Instructions for the task ->
Find the line that holds "Curated Shopping list", then repeat it and each line below it word for word through the end of the listing, leaving out pictures.

*** Collected material Section Begins ***

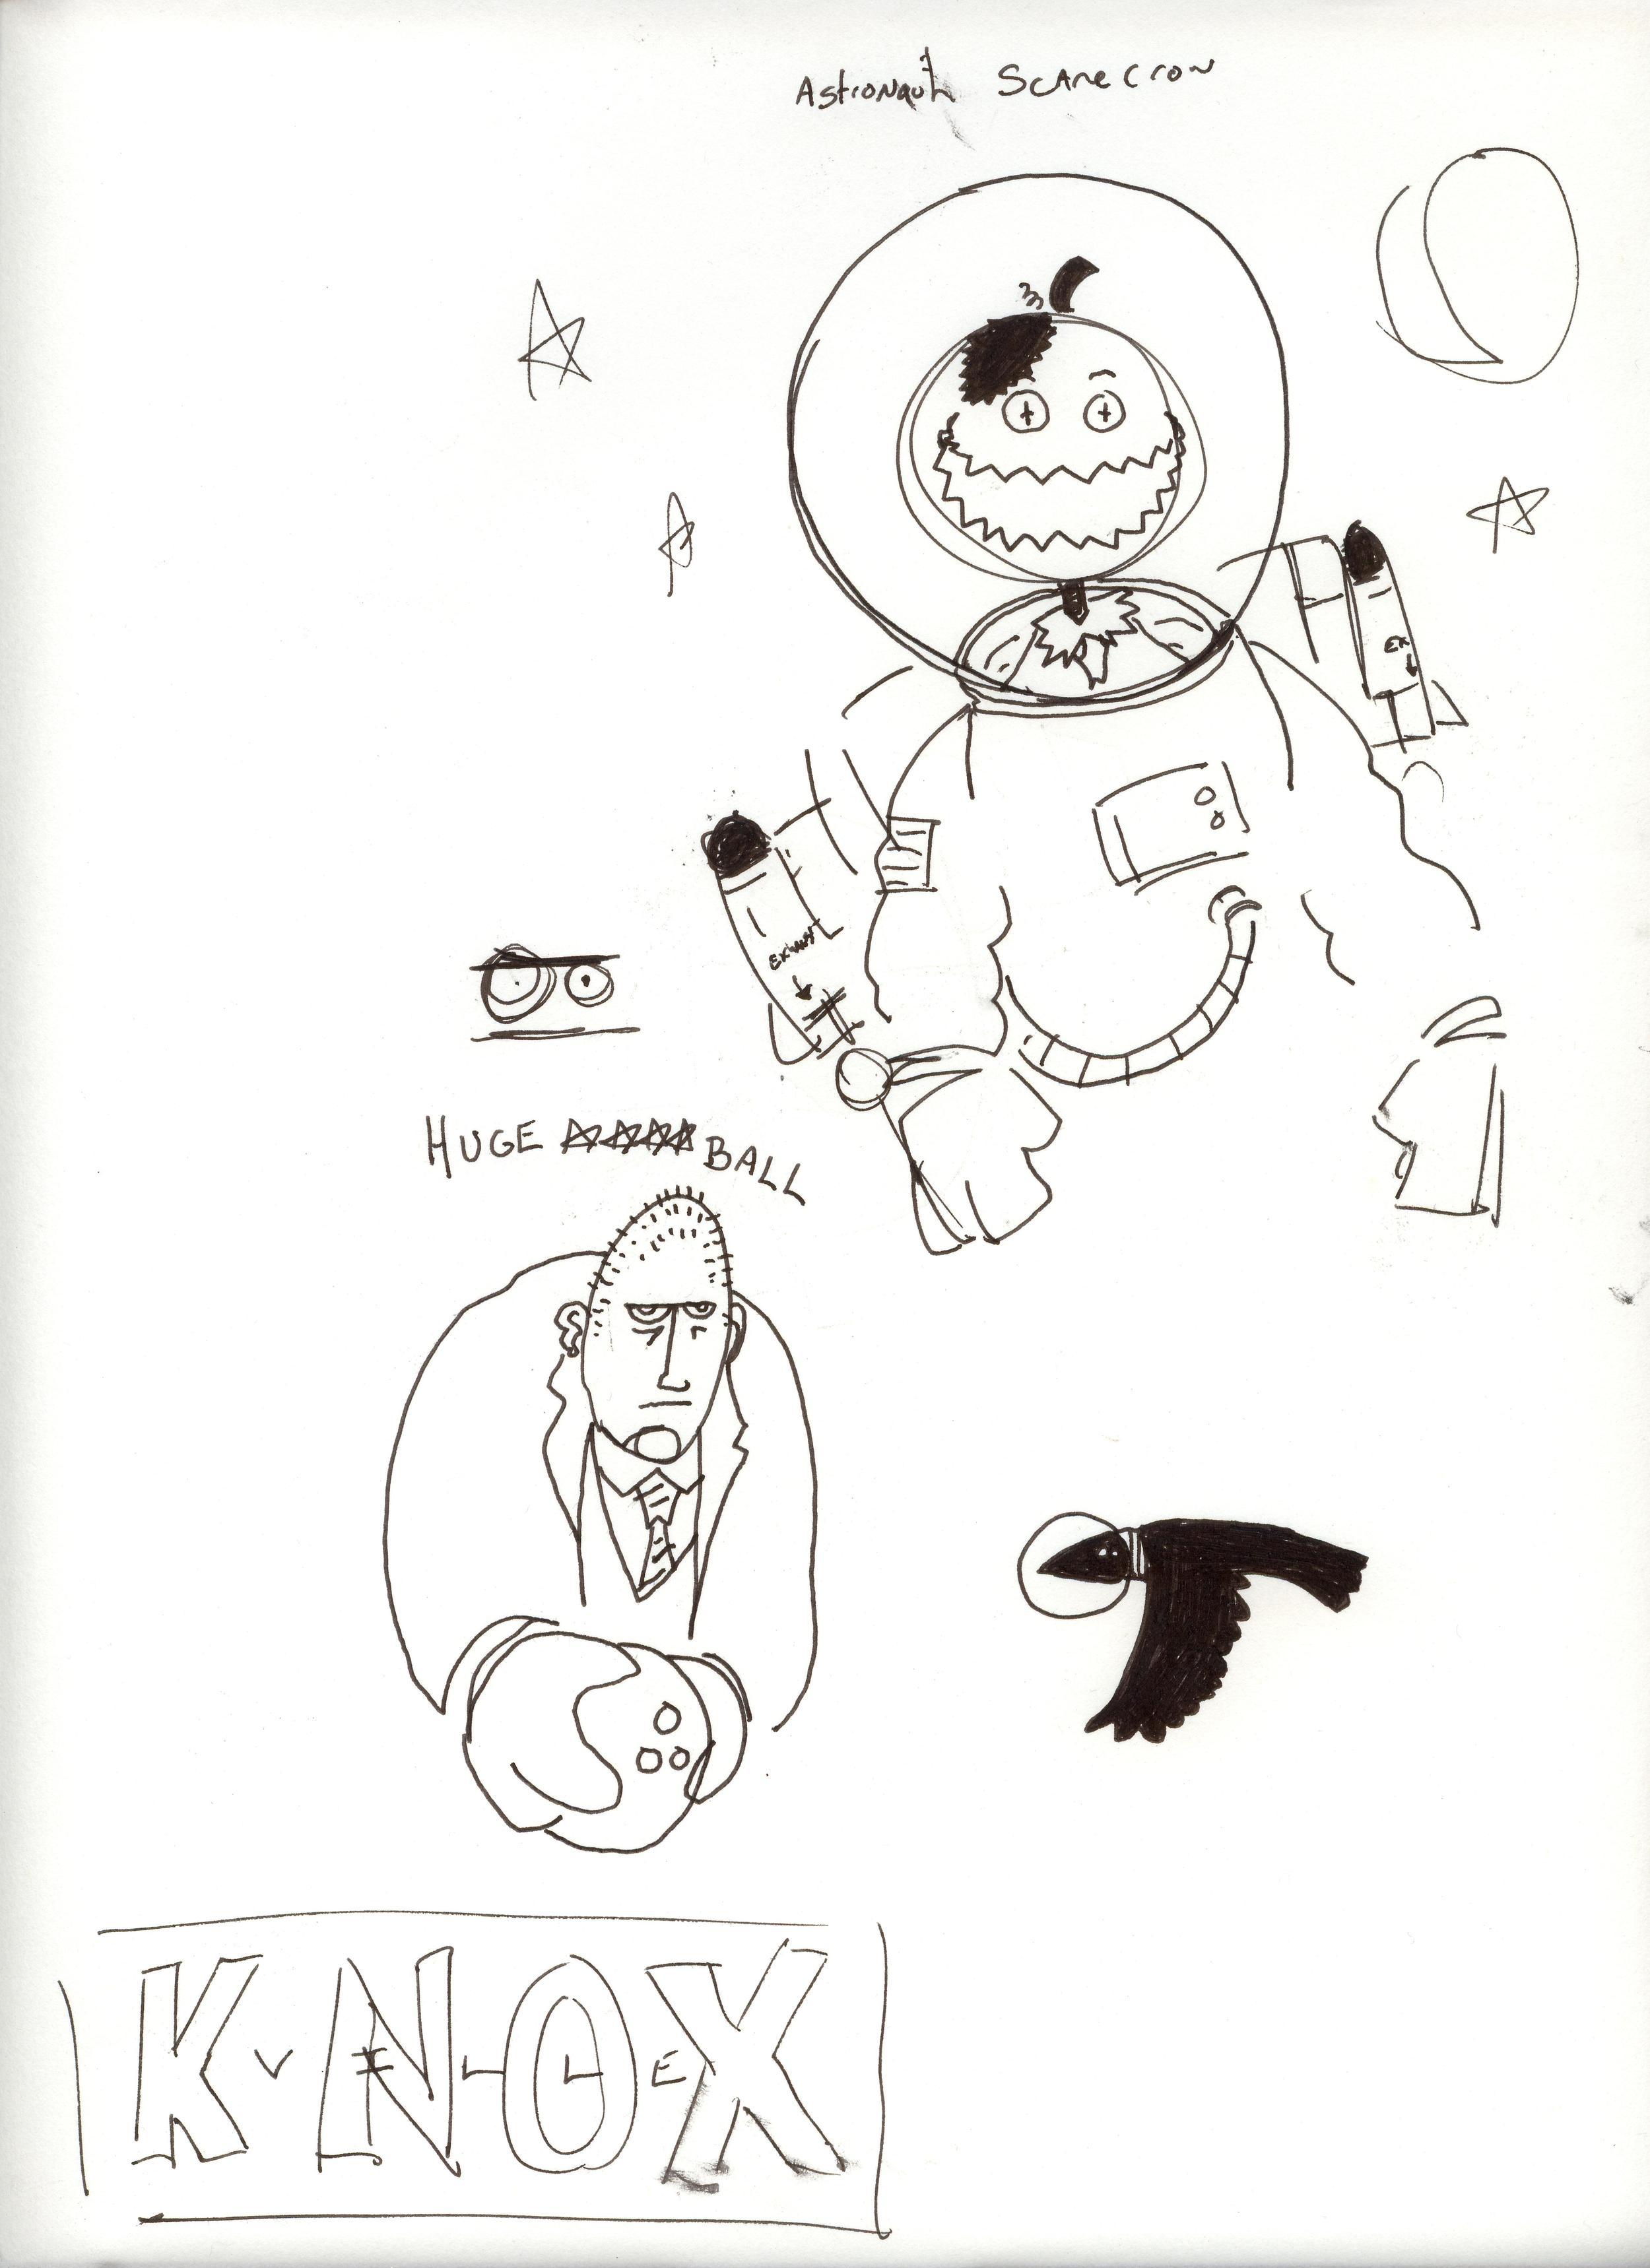 spacejackolantern.JPG
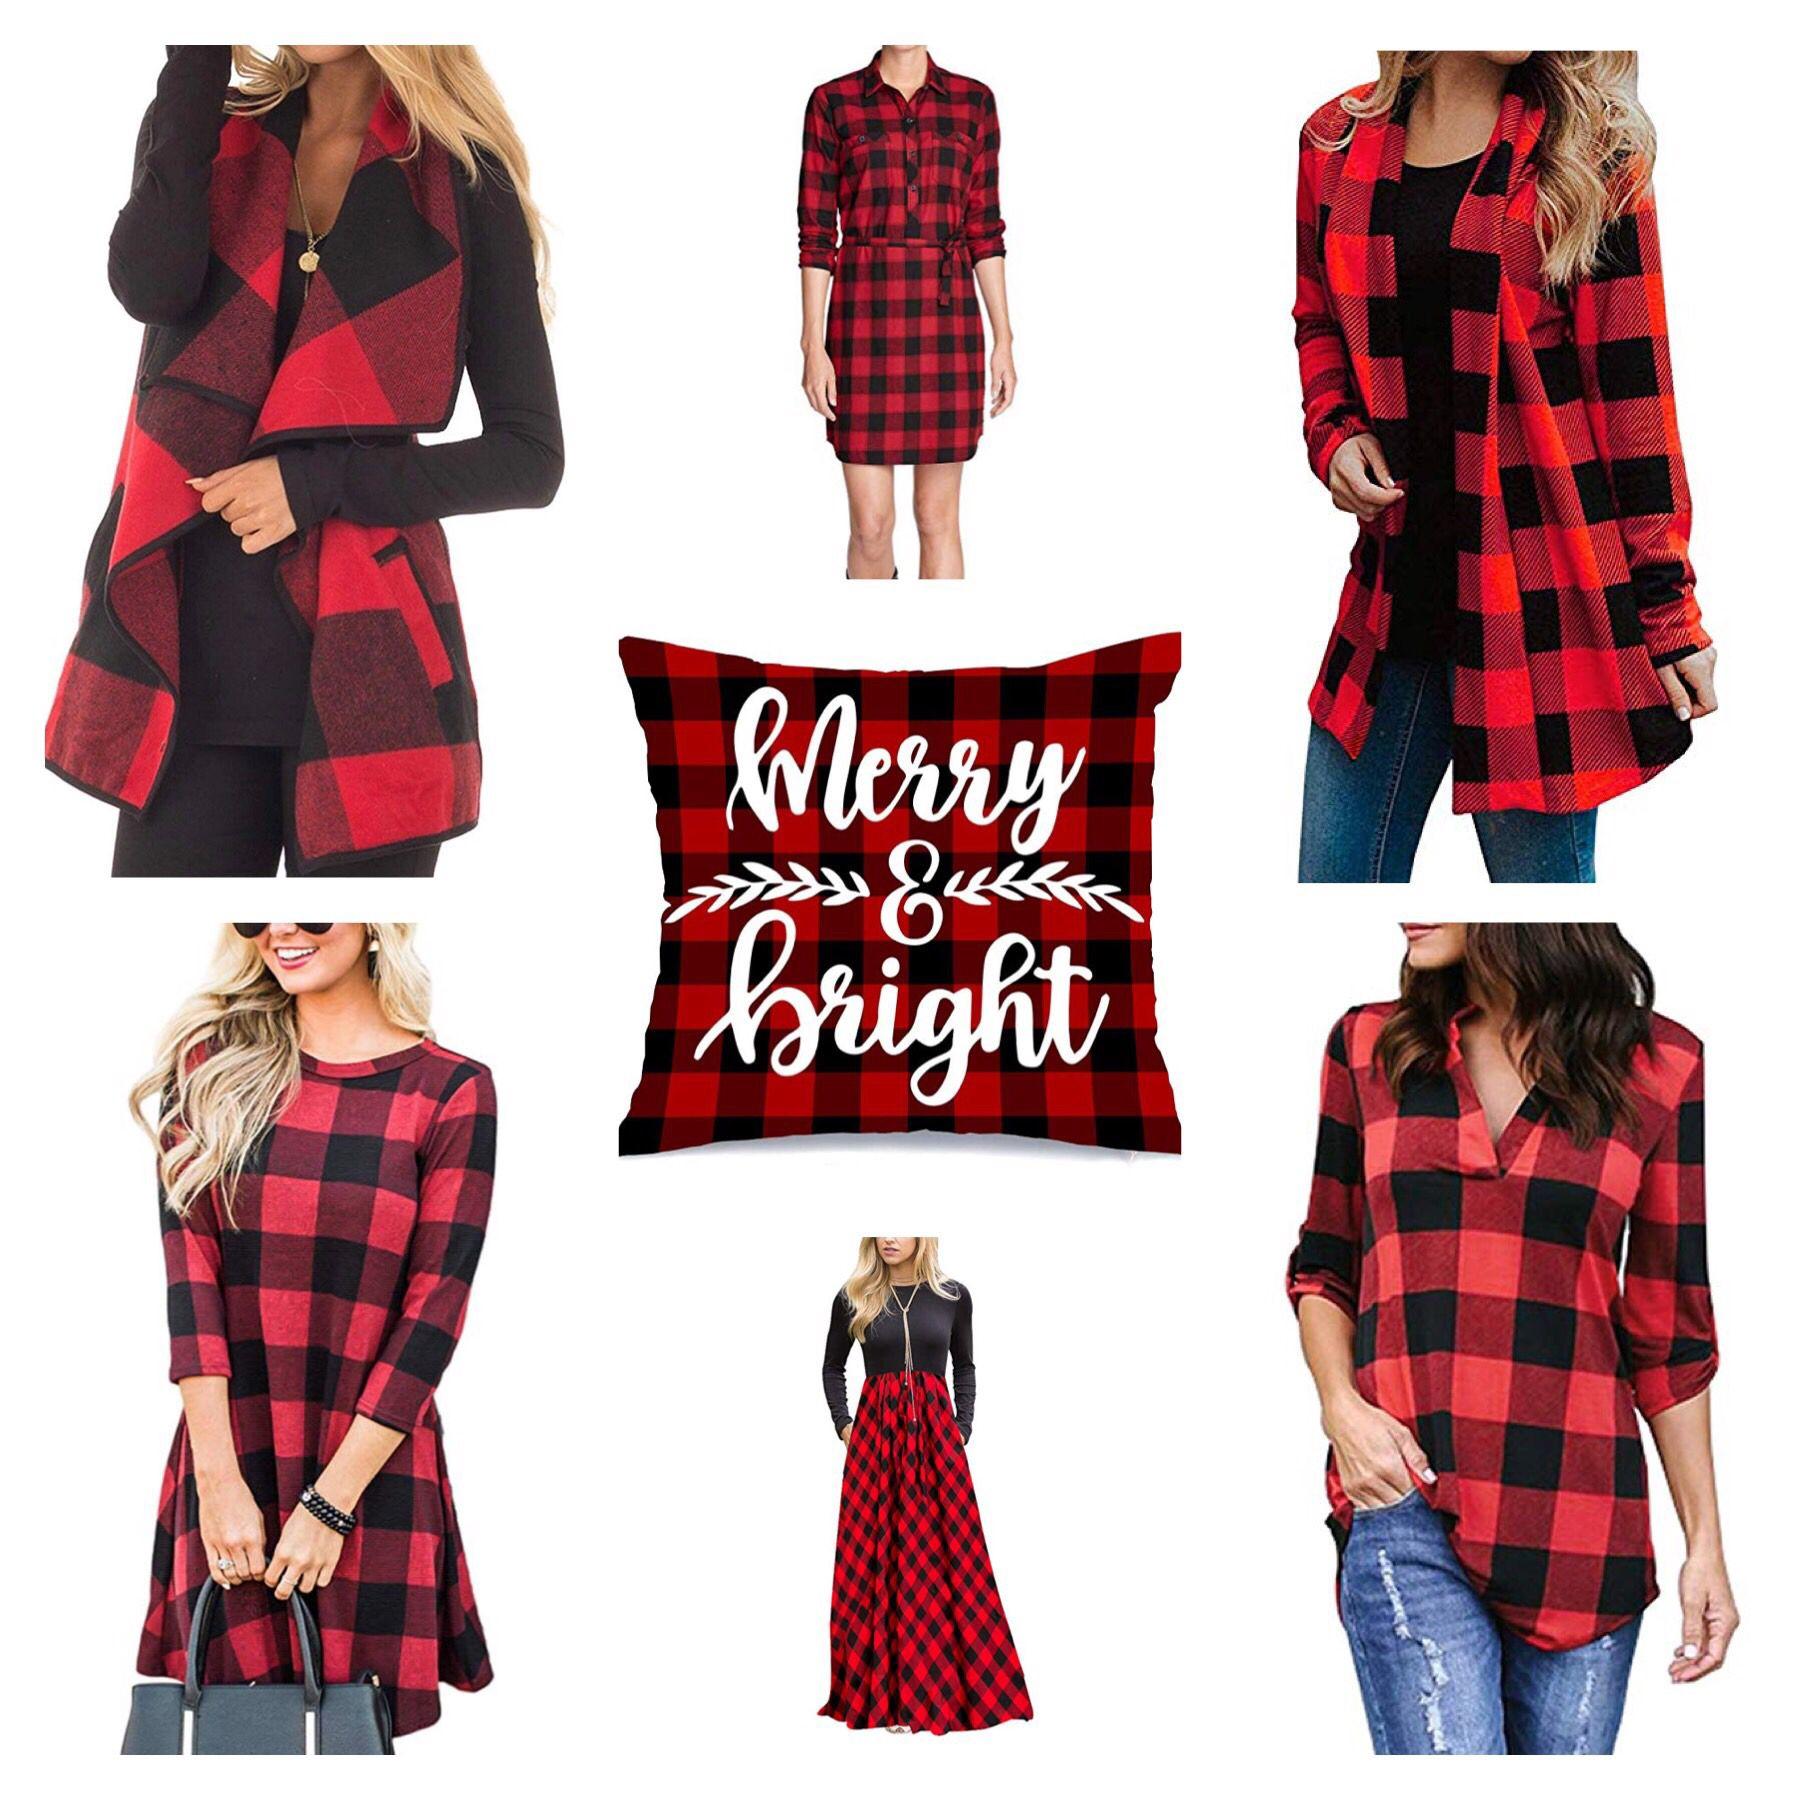 Curated Shopping list with ideas for home, clothing, accessories, gifts, and more in red plaid patterns! #plaid #plaidshirt #plaidpants #plaidblazer #plaiddress #plaidchristmas #plaidwrappingpaper #plaidgifts #redplaid #buffaloplaid #buffalocheck #tartan #tartanplaid #womensfashion #mensfashion #homedecor #gifts
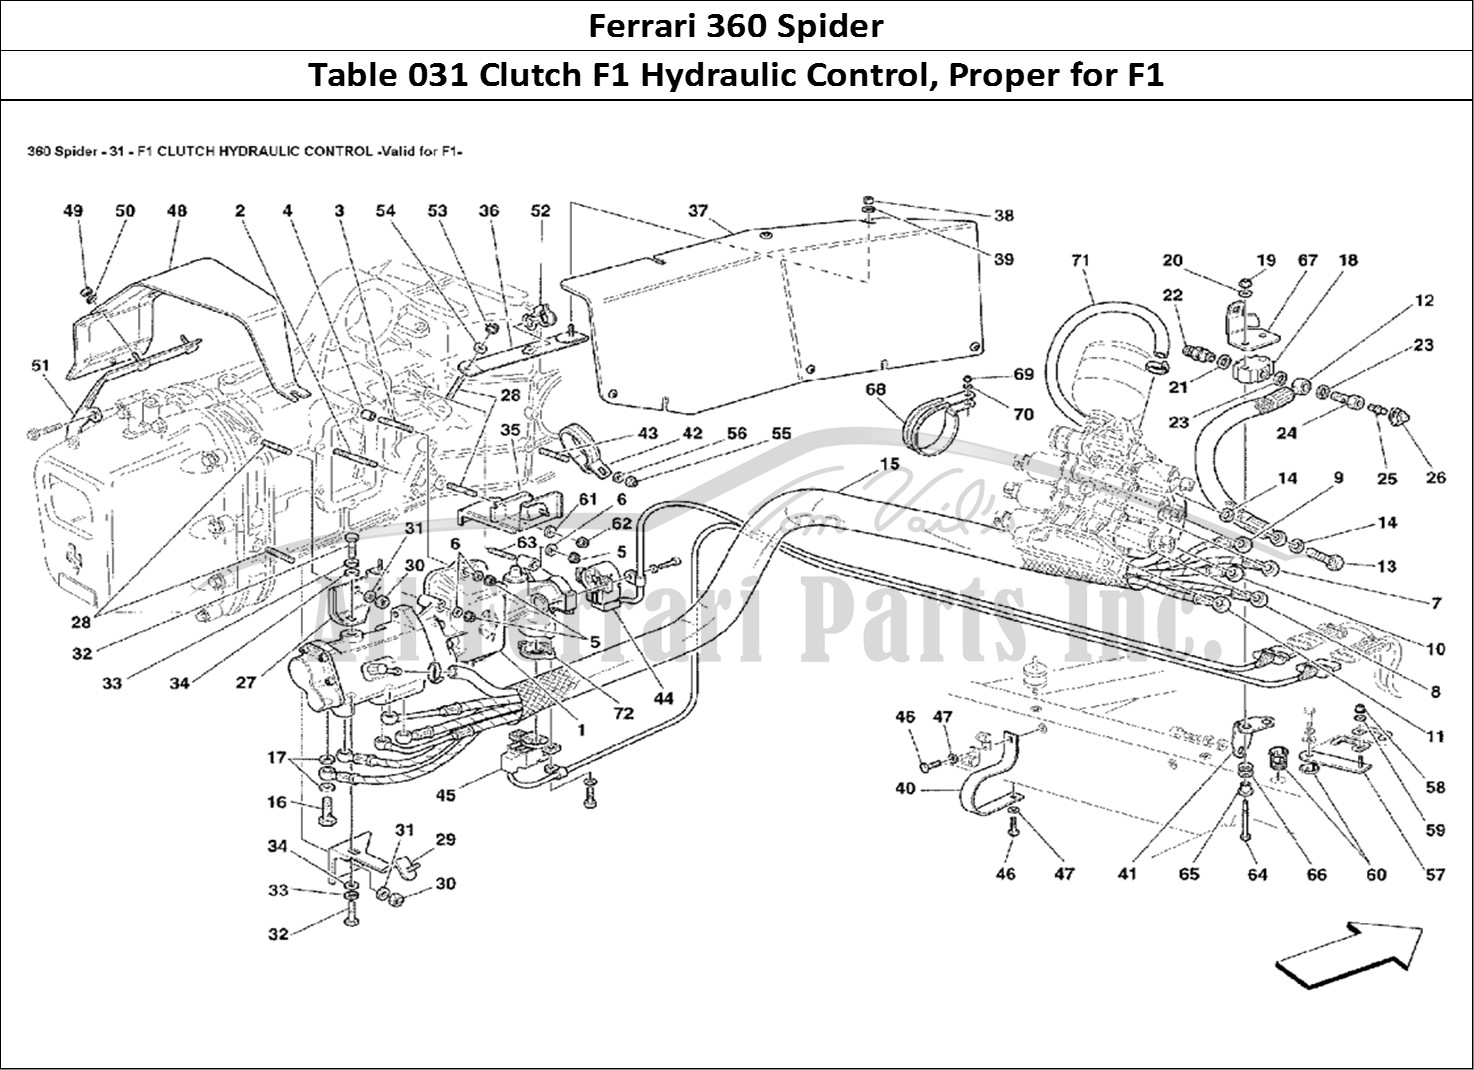 Buy Original Ferrari 360 Spider 031 Clutch F1 Hydraulic Control Proper For F1 Ferrari Parts

*** Collected material Section Ends ***

Exercise solution ->
 Curated Shopping list with ideas for home, clothing, accessories, gifts, and more in red plaid patterns! #plaid #plaidshirt #plaidpants #plaidblazer #plaiddress #plaidchristmas #plaidwrappingpaper #plaidgifts #redplaid #buffaloplaid #buffalocheck #tartan #tartanplaid #womensfashion #mensfashion #homedecor #gifts
 Buy Original Ferrari 360 Spider 031 Clutch F1 Hydraulic Control Proper For F1 Ferrari Parts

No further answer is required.